DATA SECTION
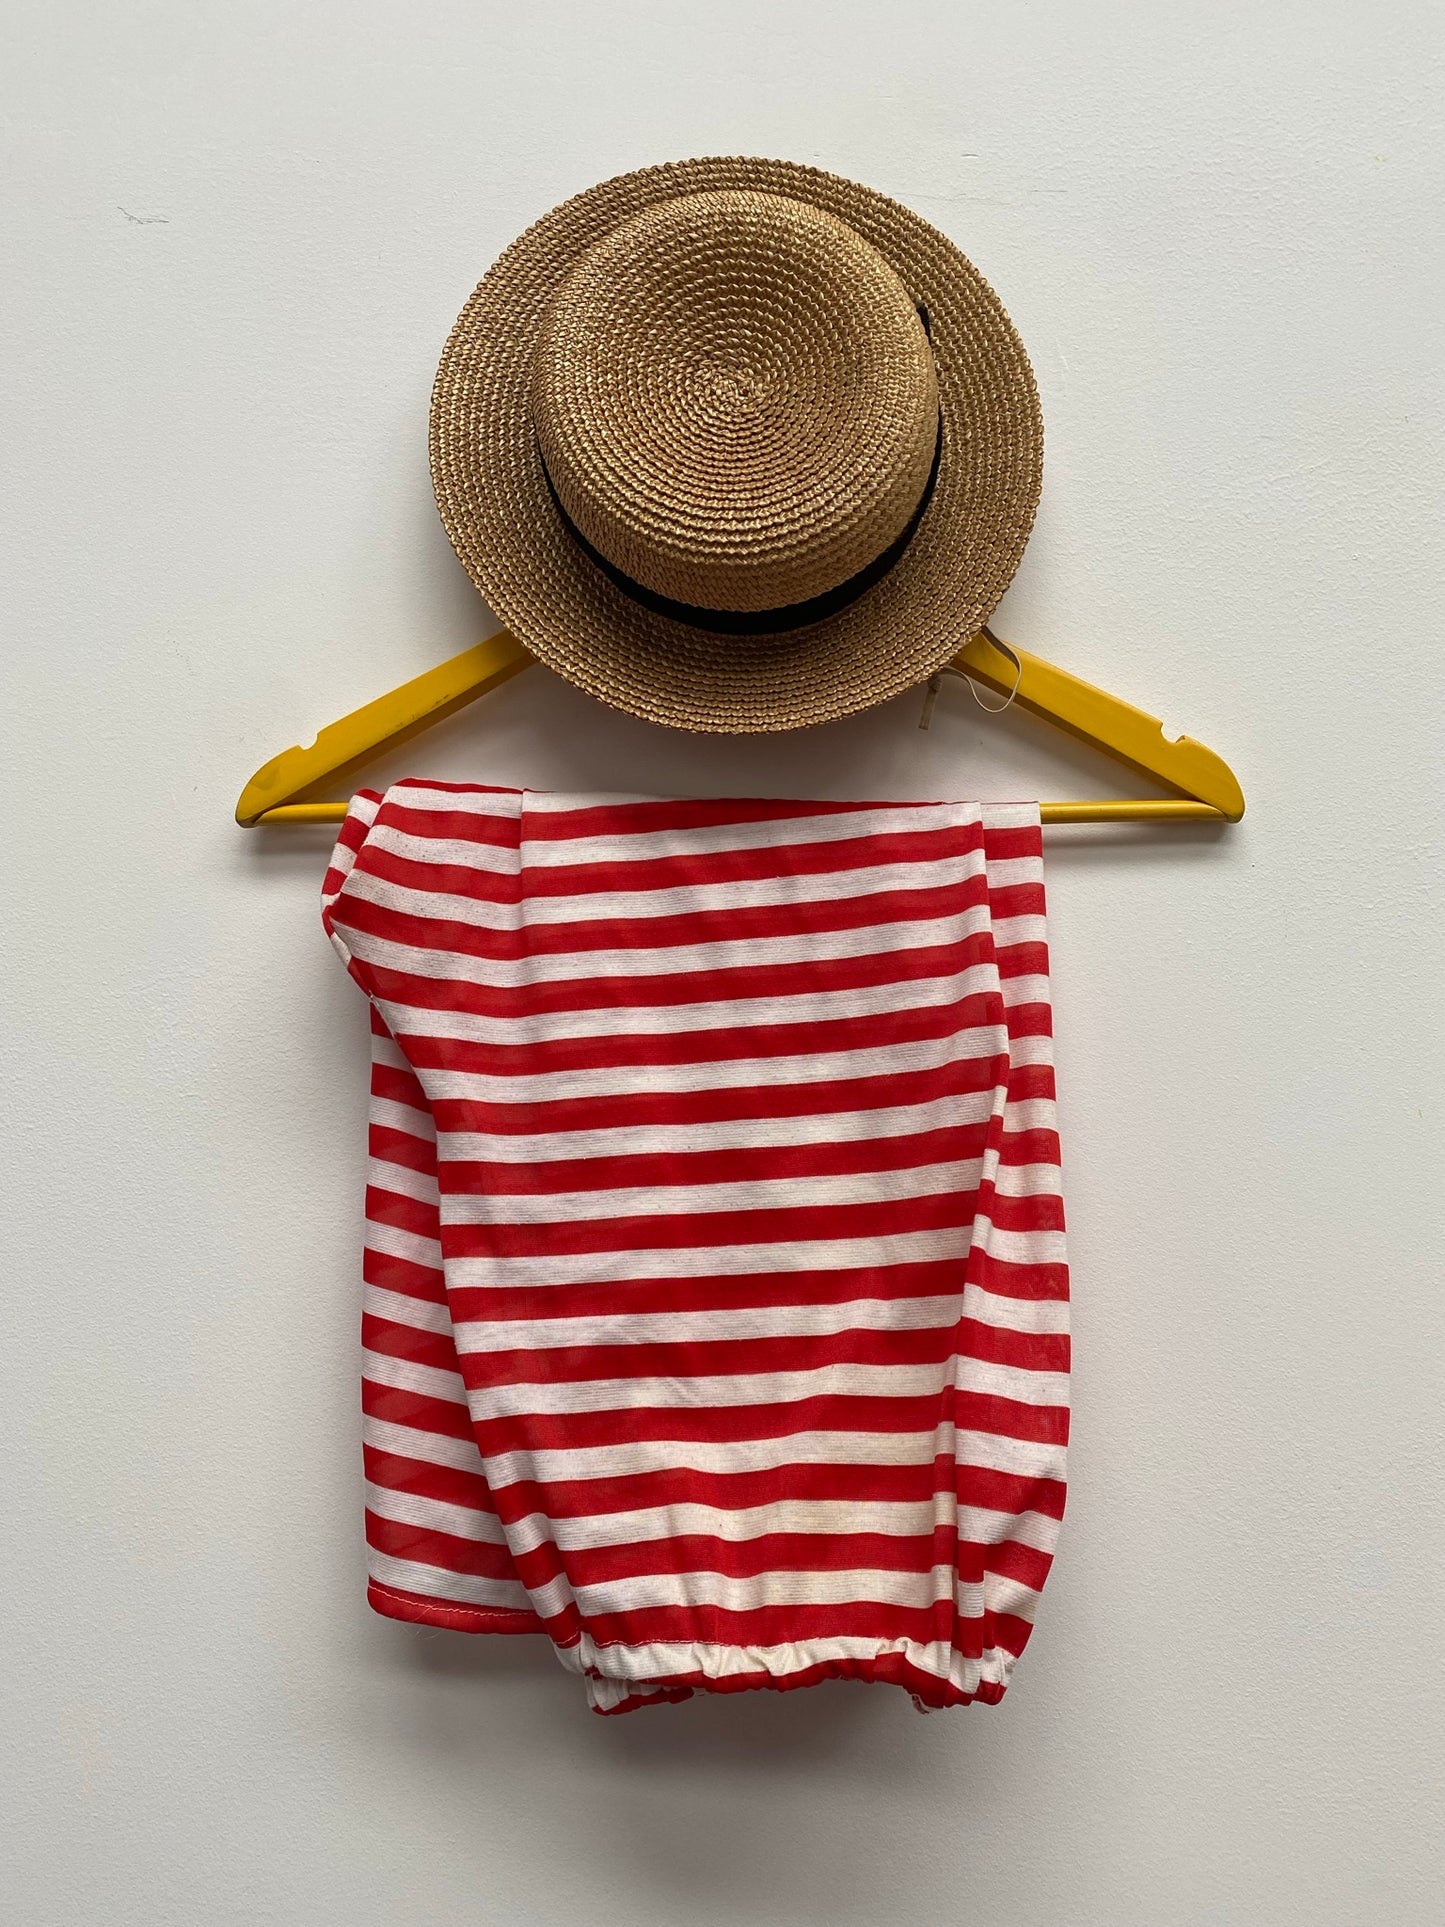 Red Old Time Striped Bathing Suit & Hat One Size - Ex Hire Fancy Dress Costume
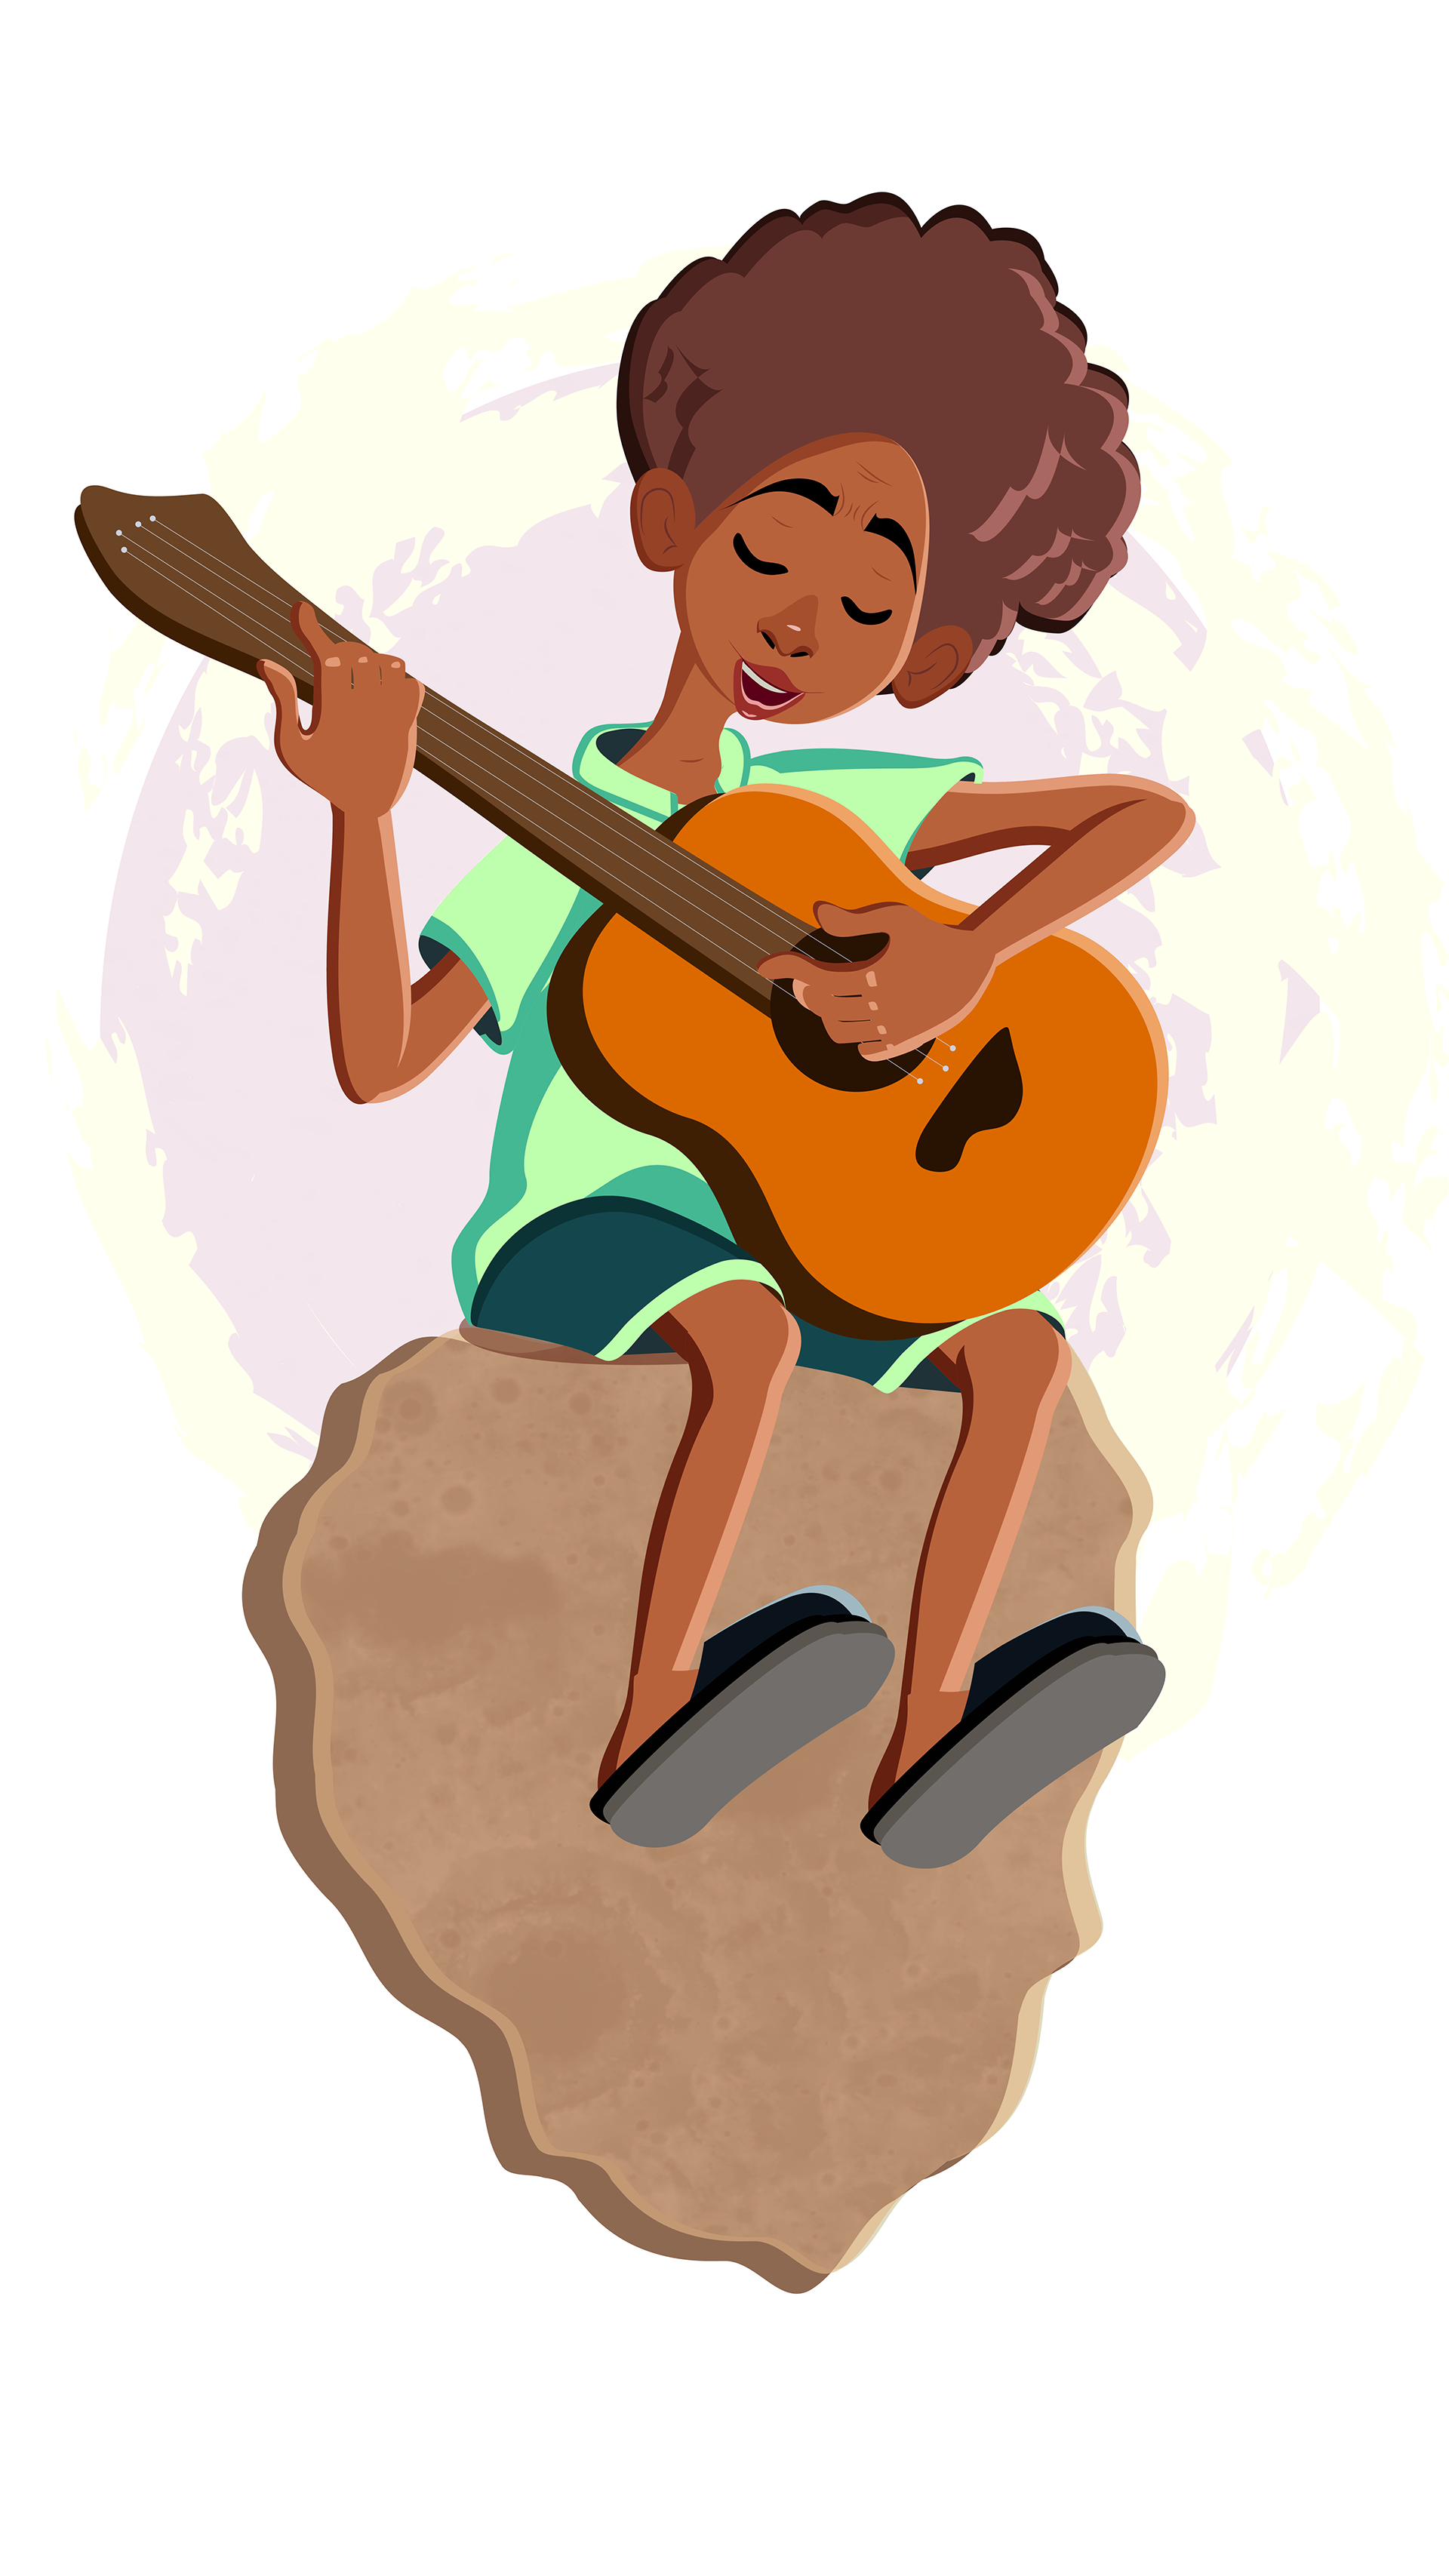 Playing Guitar GIF Simple character animation | Behance
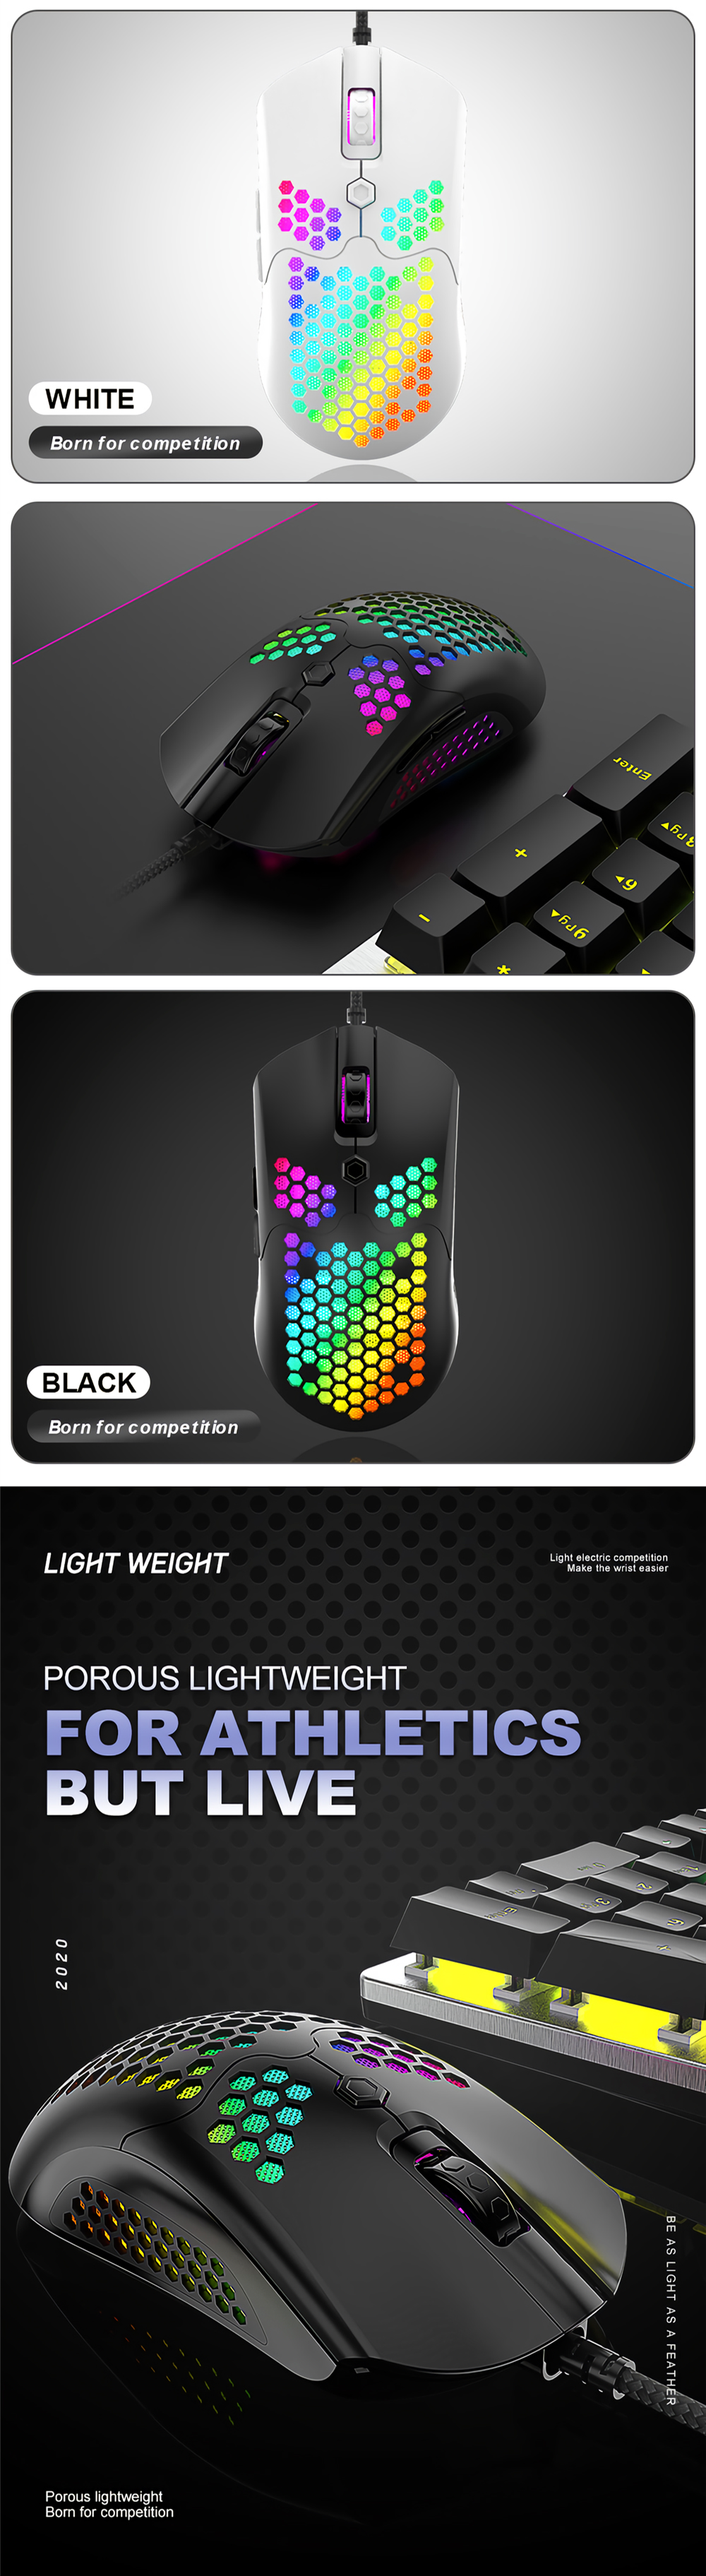 Free-wolf M5 Wired Game Mouse Breathing RGB Colorful Hollow Honeycomb Shape 12000DPI Gaming Mouse USB Wired Gamer Mice for Desktop Computer Laptop PC 20

TASK GOAL
Starting at the line that holds "Playing Guitar GIF" and stopping at the last line of the listing above, write out each line exactly as it appears, and omit the pictures.

FINISHED EXERCISE
 Playing Guitar GIF Simple character animation | Behance
 Free-wolf M5 Wired Game Mouse Breathing RGB Colorful Hollow Honeycomb Shape 12000DPI Gaming Mouse USB Wired Gamer Mice for Desktop Computer Laptop PC 20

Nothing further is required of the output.